On dividing f(x) by (x² – 5), we get: 

f(x) = 0

⇒ x⁴ + 4x³ – 7x² – 20x – 15 = 0 

⇒ (x² – 5) (x² + 4x + 3) = 0 

⇒ (x – √5) (x + √5) (x + 1) (x + 3) = 0 

⇒ x = √5 or x = -√5 or x = -1 or x = -3 

Hence, all the zeroes are √5, -√5, -1 and -3.

19. Find all the zeroes of polynomial (2x⁴– 11x³ + 7x² + 13x – 7), it being given that two of its zeroes are (3 + √2) and (3 – √2). 

Solution 

The given polynomial is f(x) = 2x⁴ – 11x³ + 7x² + 13x – 7. 

Since (3 + √2) and (3 – √2) are the zeroes of f(x) it follows that each one of (x + 3 + √2) and (x + 3 – √2) is a factor of f(x). 

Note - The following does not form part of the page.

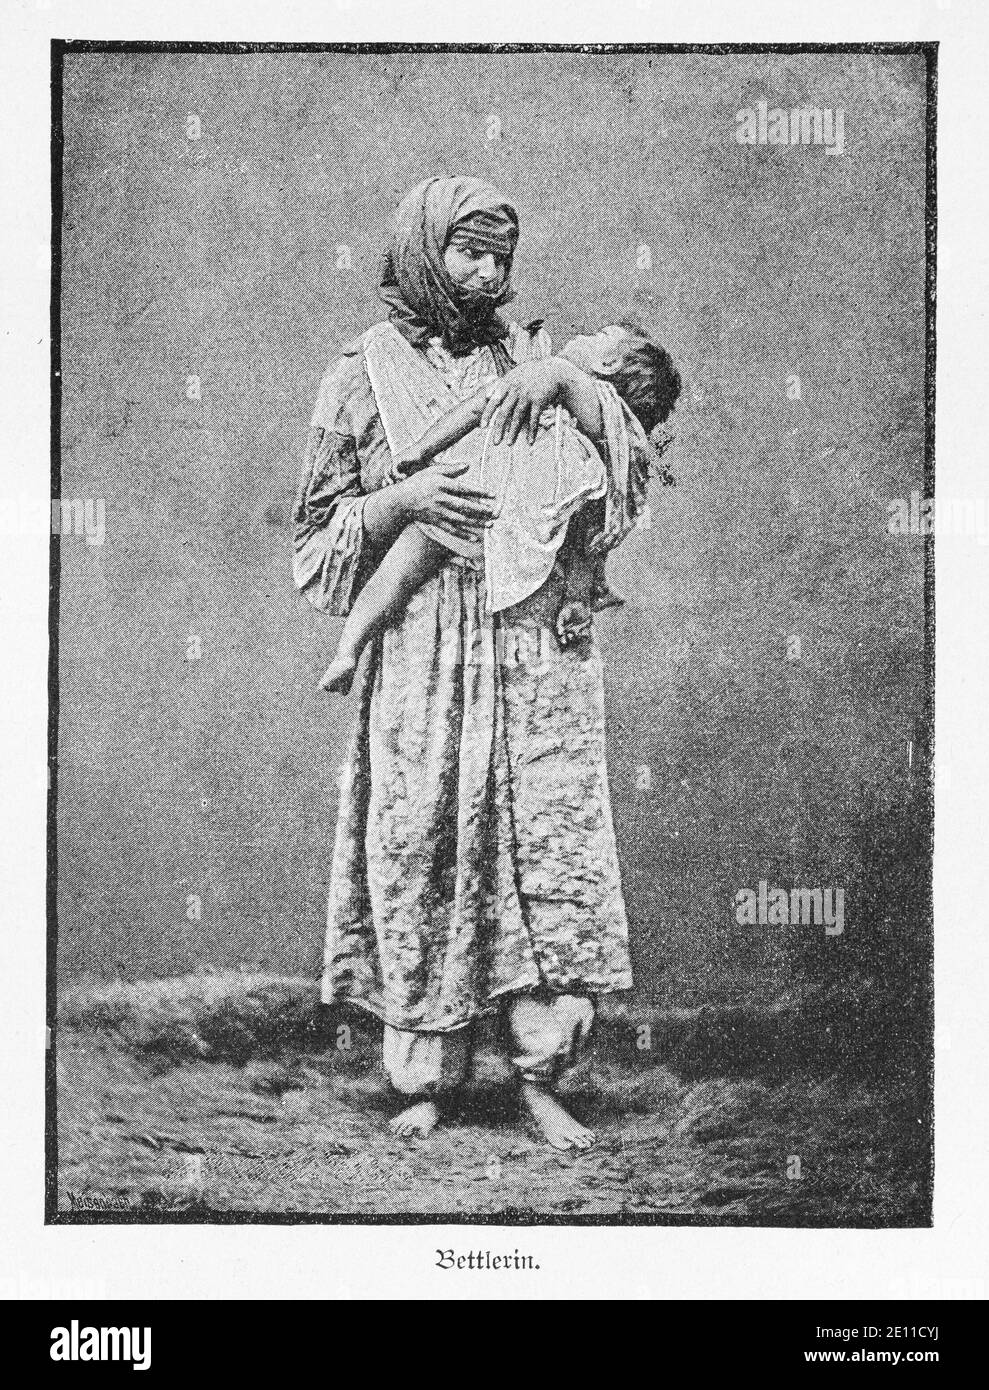 'Bettlerin', femme mendiante debout avec son petit enfant dans les bras, Constantinople, Turquie, illustrations de 'Die Hauptstädte der Welt', 1897 Banque D'Images

Consequently, [(x – (3 + √2)] [(x – (3 – √2)] = [(x – 3) - √2] [(x – 3) + √2] = [(x – 3)² – 2] = x² – 6x + 7, which is a factor of f(x). 

On dividing f(x) by (x² – 6x + 7), we get: 

f(x) = 0

⇒ 2x⁴ – 11x³ + 7x² + 13x – 7 = 0 

⇒ (x² – 6x + 7) (2x² + x – 7) = 0 

⇒ (x + 3 + √2) (x + 3 – √2) (2x – 1) (x + 1) = 0 

⇒ x = –3 – √2 or x = –3 + √2 or x = ¹₂or x = -1 

Hence, all the zeroes are (–3 – √2), (–3 + √2), 1/2 and -1.